Review: Ritual Aesthetic – 'Decollect'


Sean Von Helvete may be better known as the man behind the drums for Dawn Of Ashes and Belhor, but there is no denying that his début solo album under the moniker of Ritual Aesthetic that he is more than capable of standing in the spotlight on his own. 'Decollect' sees Von Helvete blend the metal leanings of Dawn Of Ashes and Psyclon Nine with a purer dark electronic atmosphere to create something that walks a fine line between dark dance and demonic heaviness.

The title track opens the album with a short instrumental introduction that slowly flickers away before the hard and fast 'Orphans In Coma' opens things up properly with some very nice guitar work that still maintains a dance-friendly beat. 'Something To Know You By' on the other hand turns the beats into full club mode and brings out the big industrial synth sounds for a scorching and sinister dance track that is a real attention grabber. 'Orchid Incestus' is a nice balance of the ferocity of 'Orphans...' and the gritty industrial dance of 'Something...', while 'Red Redeemer (When The World Becomes Skin)' is a brave and experimental instrumental that breaks up the track list nicely.

'Fleshing Wheel' goes back into metal territory while maintaining a little of the previous track's noisy undercurrent. 'Through The Lust Of Flies' is another brave instrumental that forsakes all guitars in favour of some straight noise-laden industrial.
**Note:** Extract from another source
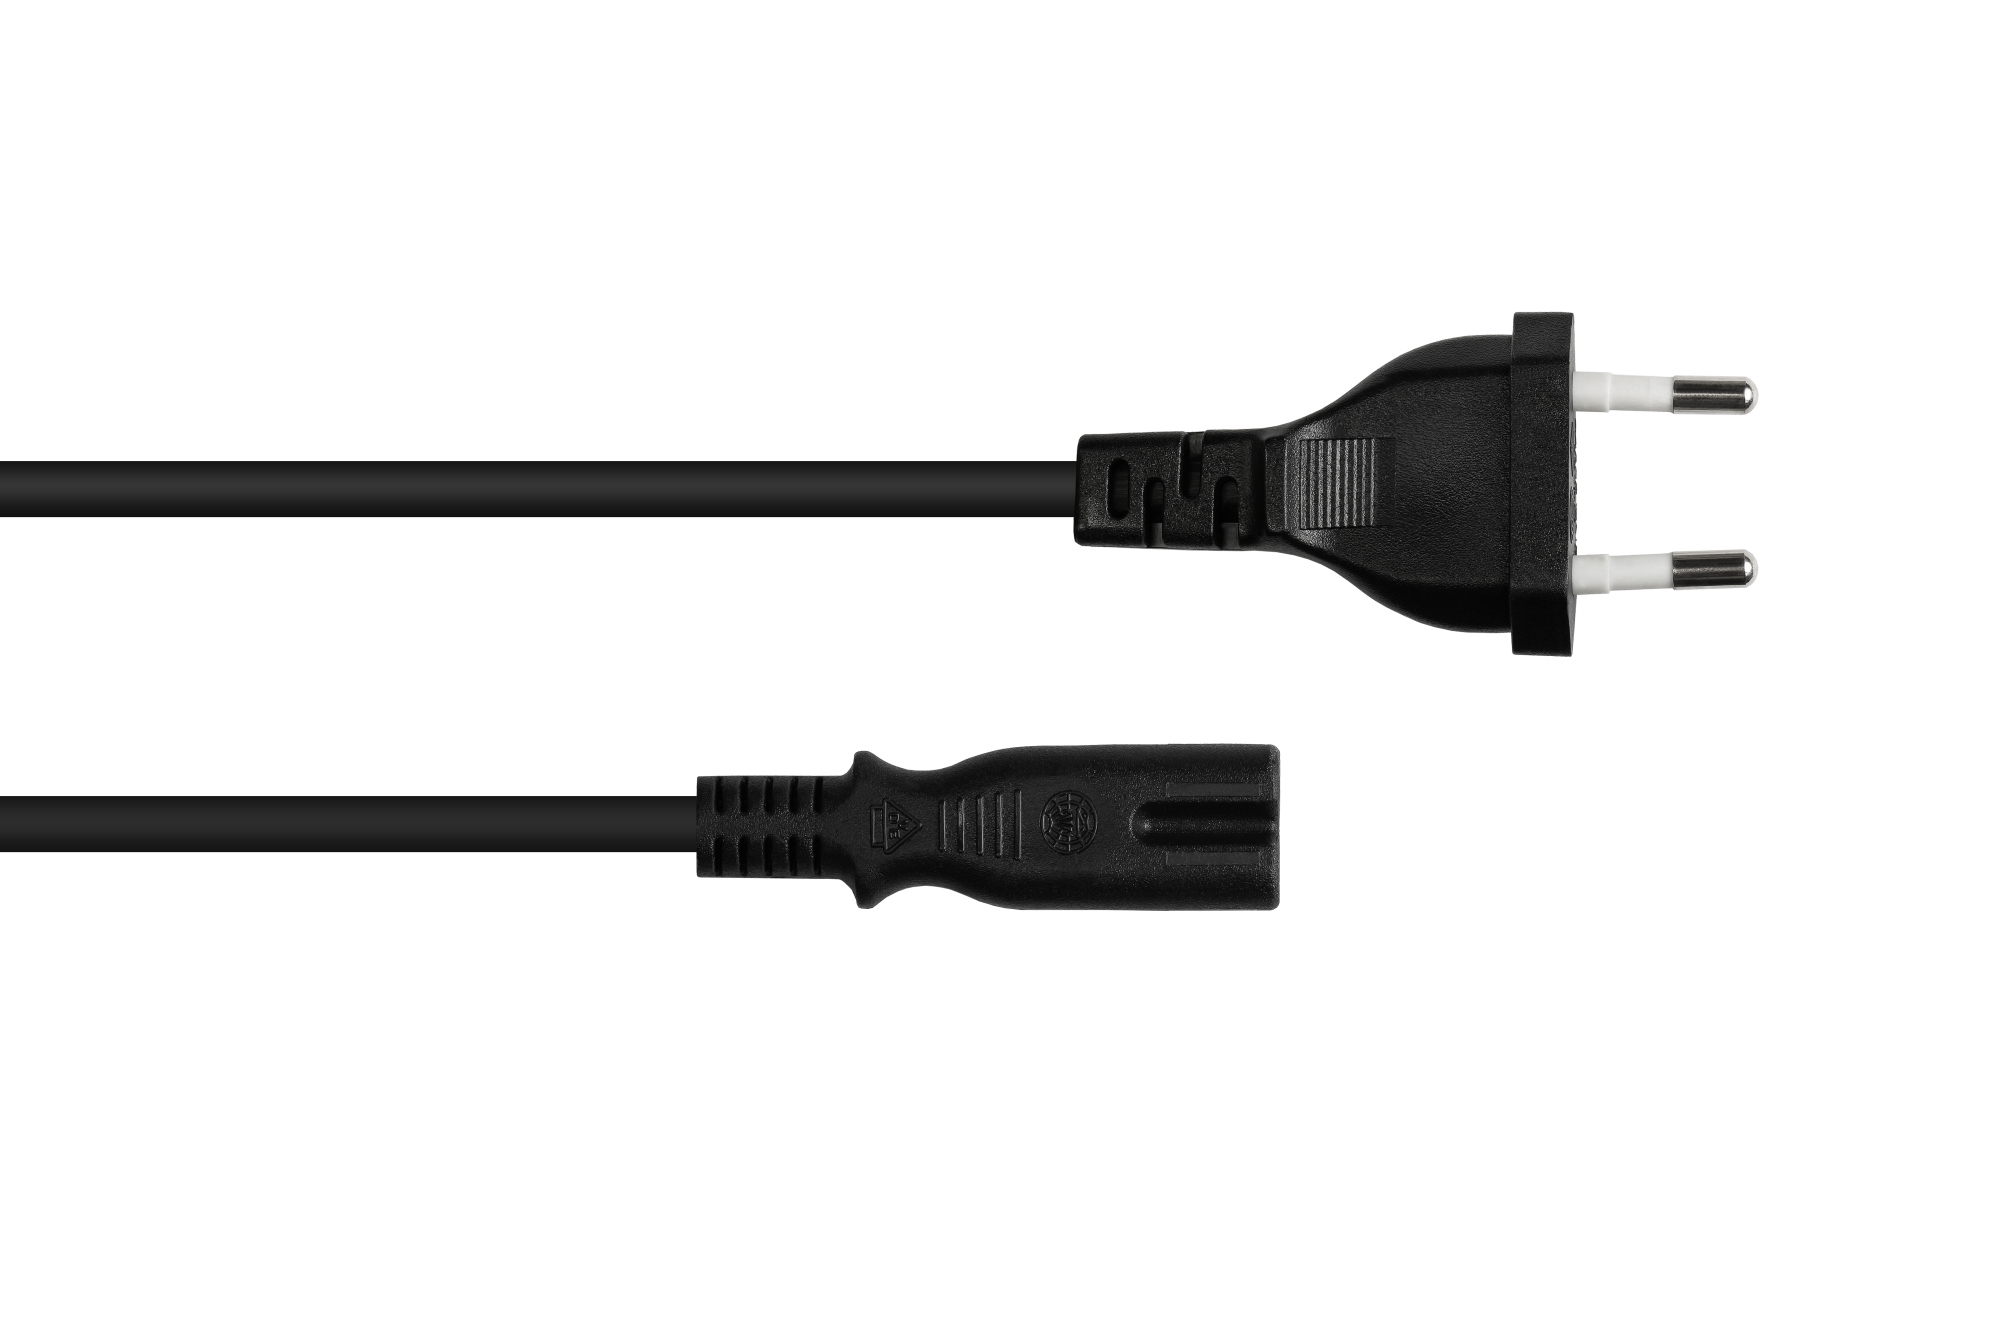 Euro-Netzkabel Euro-Stecker Typ C (gerade) an C7/Euro 8 Buchse (gerade), schwarz, 0,75 mm², 3 m, Goo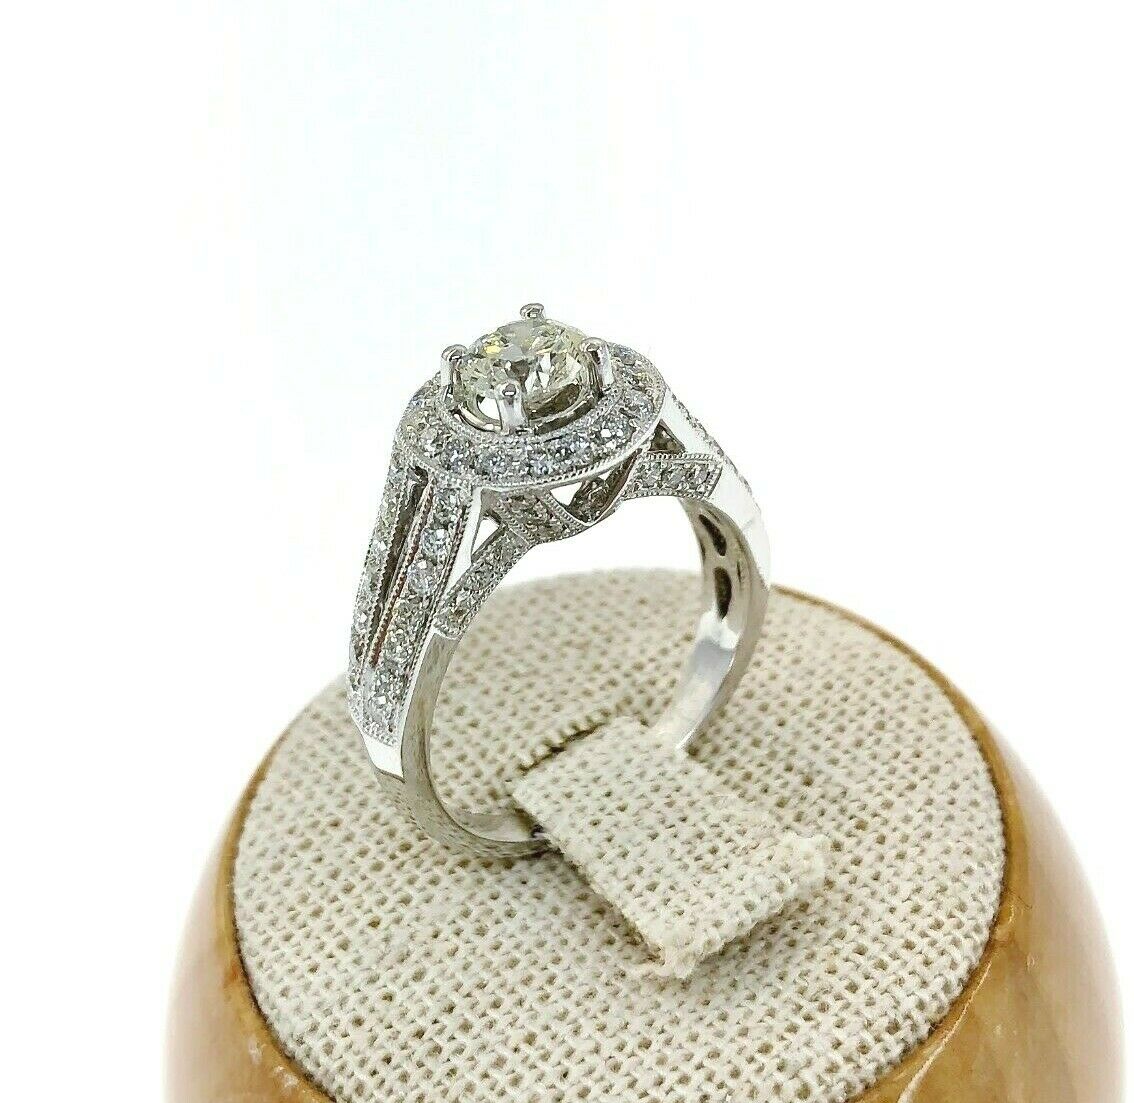 1.54 Carats t.w. Diamond Halo/Diamond Gallery Wedding/Engagement Ring 18K Gold

The album then finishes off on the sublimely haunting 'Tender Petal', which even though is one of the slowest and quietest tracks on the album, really shows off Von Helevete's skill as a performer.

The three remixes of 'Something To Know You By' from Izoloscope, Ruinizer, and Tactical Module all give the song and ultra-club friendly overhaul in their own relative styles. It would have been nice if three different songs got the remix treatment, however the three contributing acts sufficiently reconstruct the song that having it three times in a row is not a problem.

The production is overall rather fitting. It's gritty and dirty but doesn't over power the guitar and synth distortion at all. The only hang-up is that on a few songs the mix feels like its building up to something but then doesn't get that extra kick. But in the overall scheme of things this doesn't detract from the songs too much.

On the whole though this is a solid début that promises a lot of good things to come. It is short and (not so) sweet, and despite a few indiscretions here and there, leaves the listener wanting more. Hopefully Von Helvete won't take too long in capitalising on this with a follow-up.